• **PROVIDED DATA**
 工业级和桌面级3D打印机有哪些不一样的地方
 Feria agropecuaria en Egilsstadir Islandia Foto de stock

--

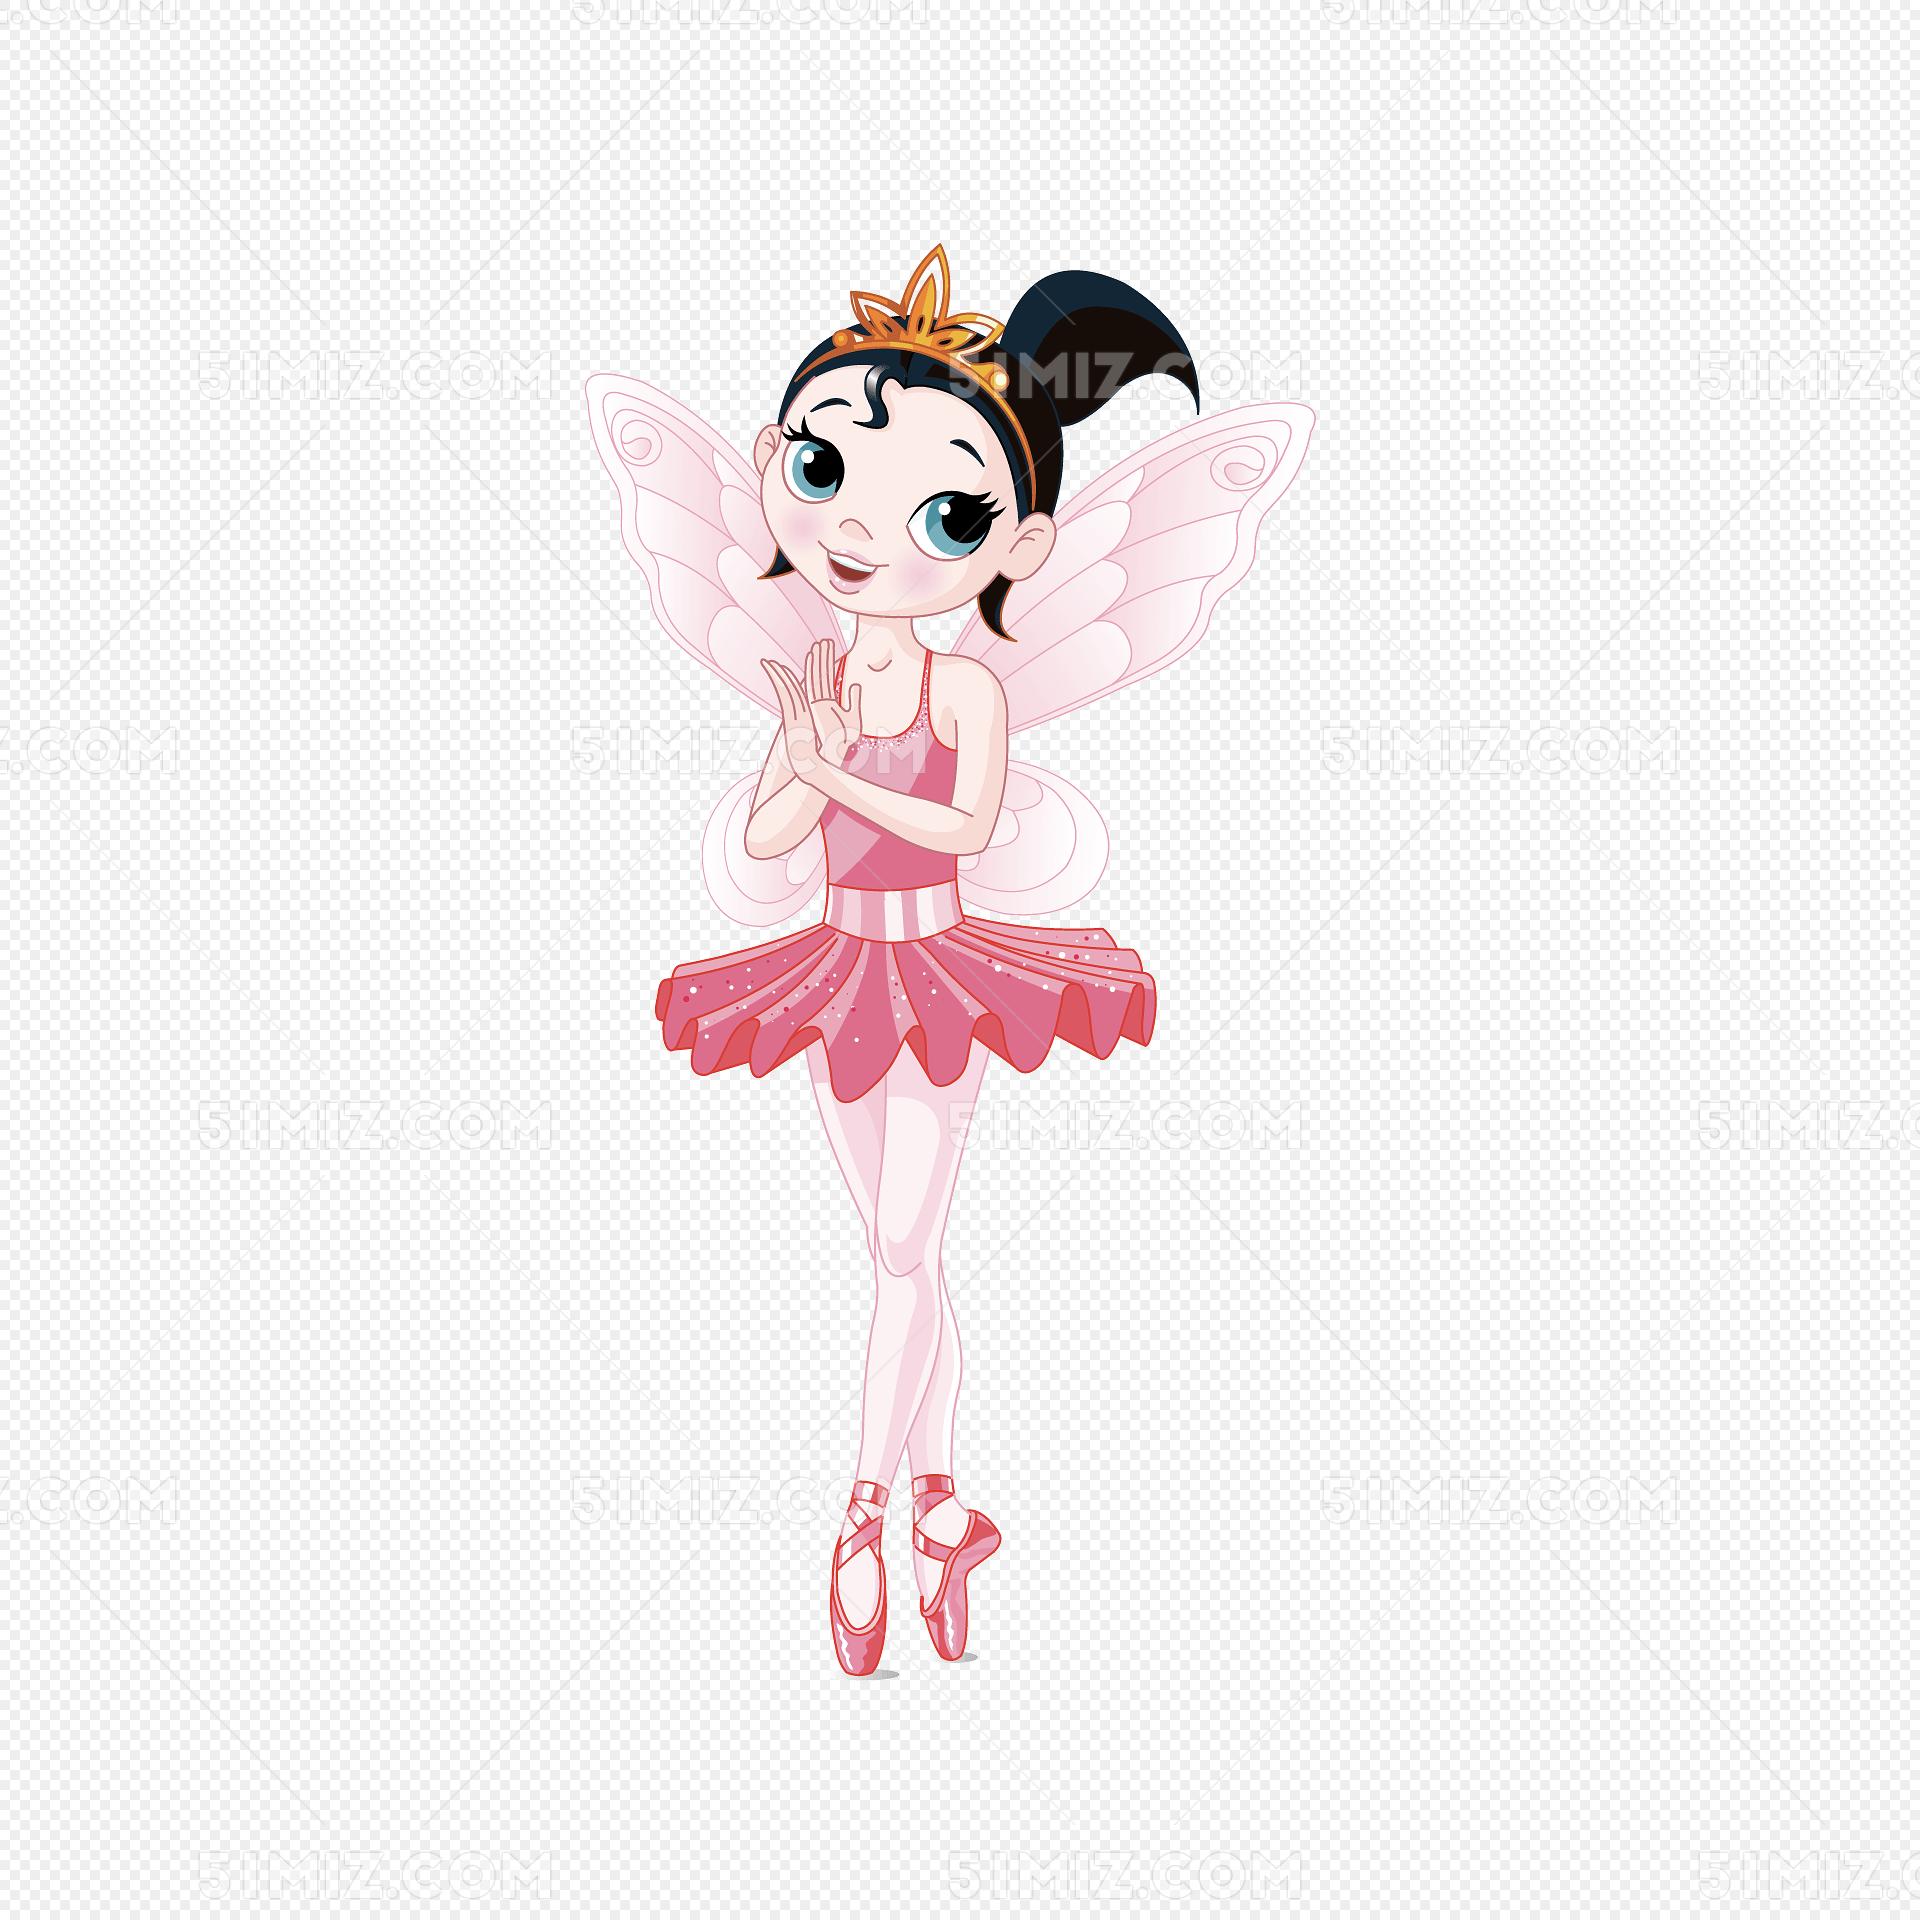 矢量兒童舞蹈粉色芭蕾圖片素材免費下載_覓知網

• **TASK BRIEF**
Please return the lines above that run from the line containing "工业级和桌面级3D打印机有哪些不一样的地方" to the line containing "Feria agropecuaria en", inclusive, exactly and with no other lines.

• **OUTPUT FOR THIS EXERCISE**
 工业级和桌面级3D打印机有哪些不一样的地方
 Feria agropecuaria en Egilsstadir Islandia Foto de stock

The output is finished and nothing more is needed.